Natalie de Souza replies:

Stuart Newman and M.L. Tina Stevens say that human embryos cannot now be safely gene-edited with CRISPR. I agree, as do the authors of the reviewed books. Certainly, developing safe CRISPR gene editing is no trivial matter. A decade may not be long enough to achieve this in embryos even for diseases caused by a mutation in a single gene; this was a speculation. It’s also possible that CRISPR-based technology will face insurmountable problems for embryo editing or somatic cell editing or both. If so, a discussion of the ethics of editing embryos will be moot. But the technology is at a point where the discussion should not be avoided.

Newman and Stevens say that I did not distinguish sufficiently between the dangers of editing embryos versus somatic cells. They observe, correctly, that making a genetic change in an embryo could affect the organism in unpredictable ways. The disagreement here is semantic. I used “safety” to refer to the ability to make a precise change to the genome. I used “predictability” or “unexpected consequences” to describe the type of danger Newman and Stevens are emphasizing. Both of these are minimum conditions for using this technology in humans.

Newman and Stevens make the good point that single-gene diseases may not be that simple to edit predictably. Genetic interactions, which I discussed with respect to multi-gene but not single-gene diseases, can also affect the severity or incidence of the latter, and could indeed make editing single-disease genes more unpredictable. Does this mean there are no situations in which it’s worth taking the risk of reverting a rare disease variant to the more common healthy one? In any event, this further emphasizes my point that the complexity of human genetics and our insufficient understanding mean we should proceed with heritable genome editing with profound caution, if at all.
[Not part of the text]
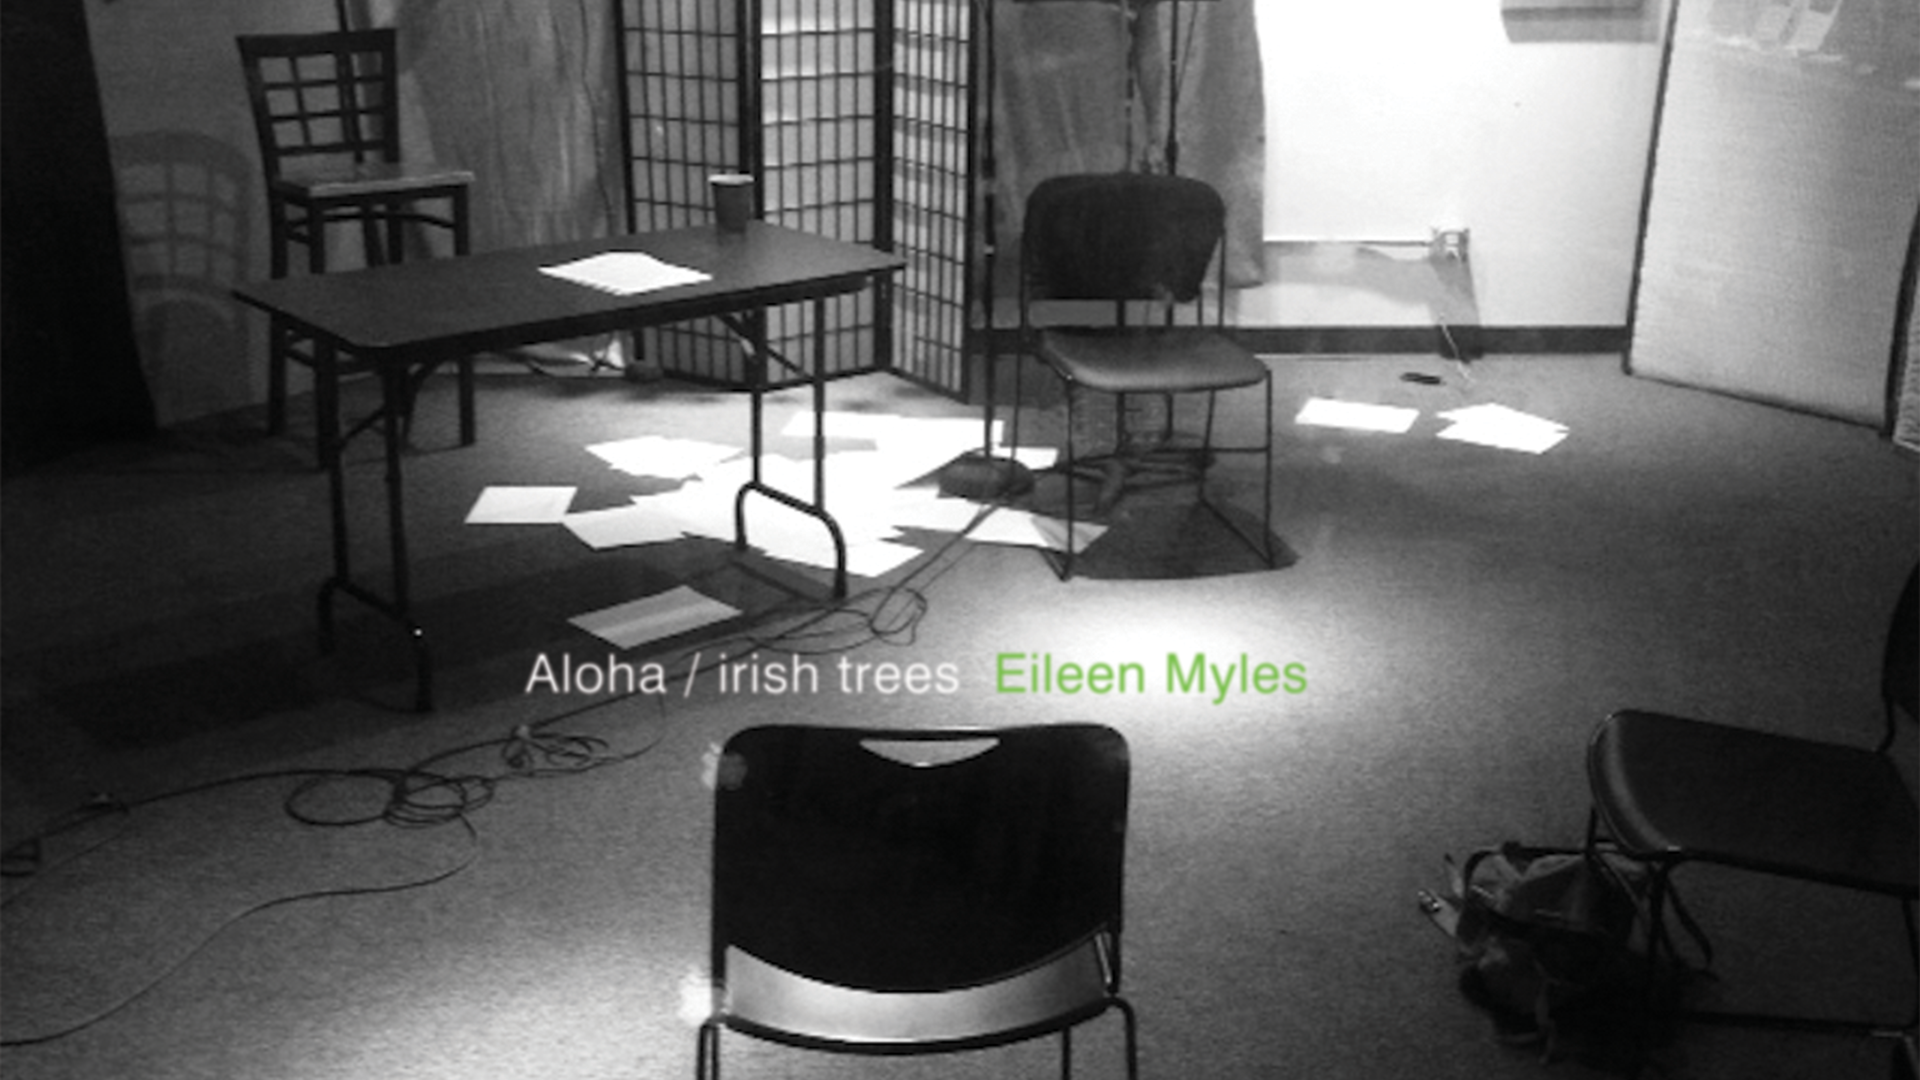 Album cover of Eileen Myles' ALOHA/IRISH TREES; links to news story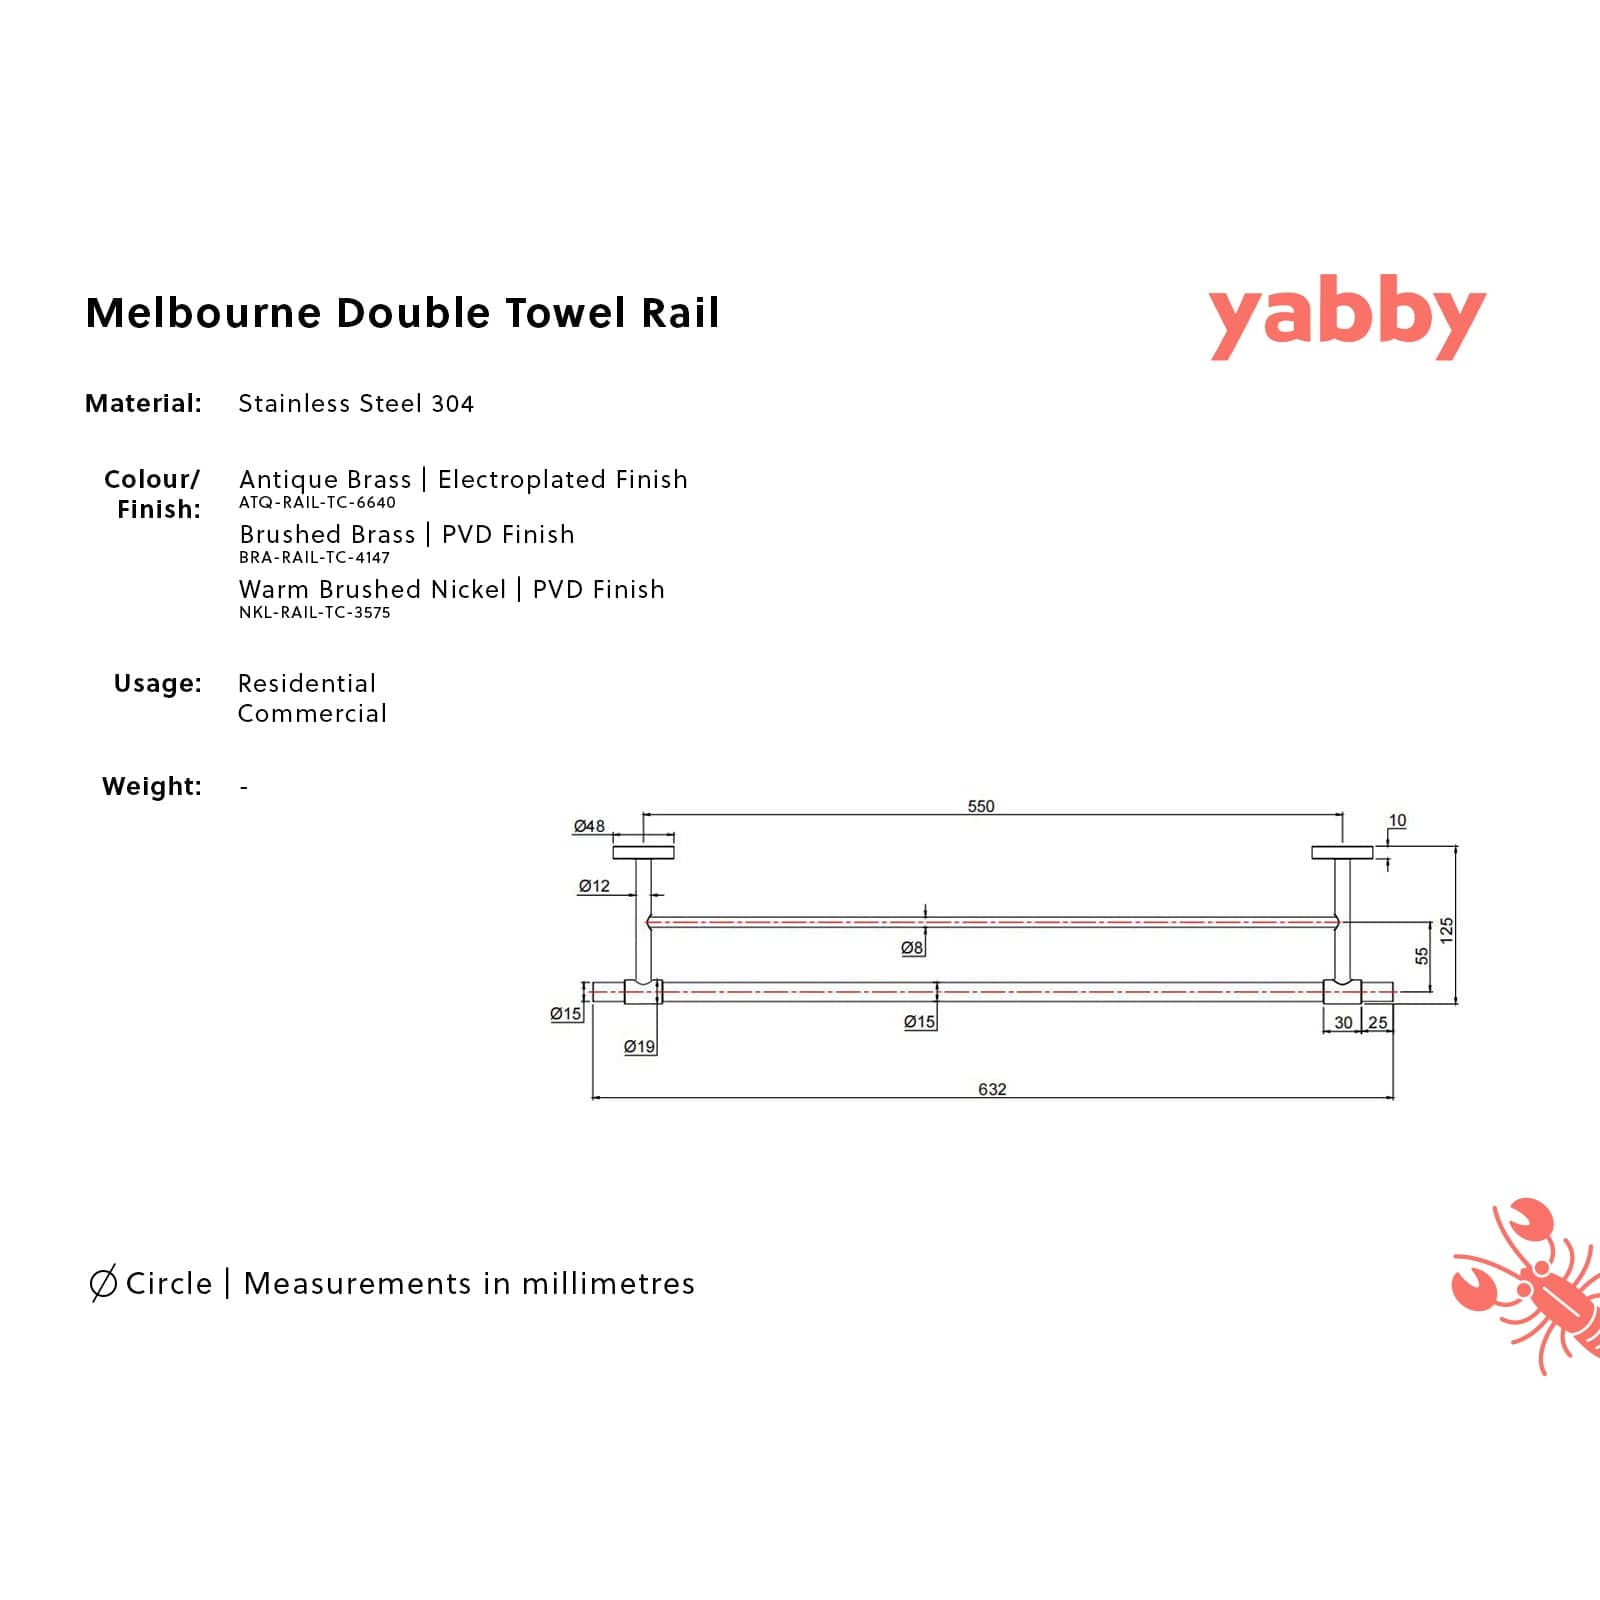 TileCloud TAPWARE Melbourne Double Towel Rail Warm Brushed Nickel 630mm

It’s certainly correct that the primary danger of imprecise or unpredictable CRISPR editing is for the edited person. Perhaps Newman and Stevens mean that there is an ethical aspect to this too, and not only to the potential societal consequences of the technology. As for the concept of the genetic supermarket, I described this as “powerfully unsettling” and as offering “no guarantee that…human well-being would be the only or even the dominant goal.” It’s difficult to understand how Newman and Stevens interpret my position as “unskeptical,” which I manifestly am not.

I would also like to note that since the publication of the review, I’ve become aware that Françoise Baylis, the author of Altered Inheritance, is on the WHO advisory committee for global governance of human genome editing. I regret the omission.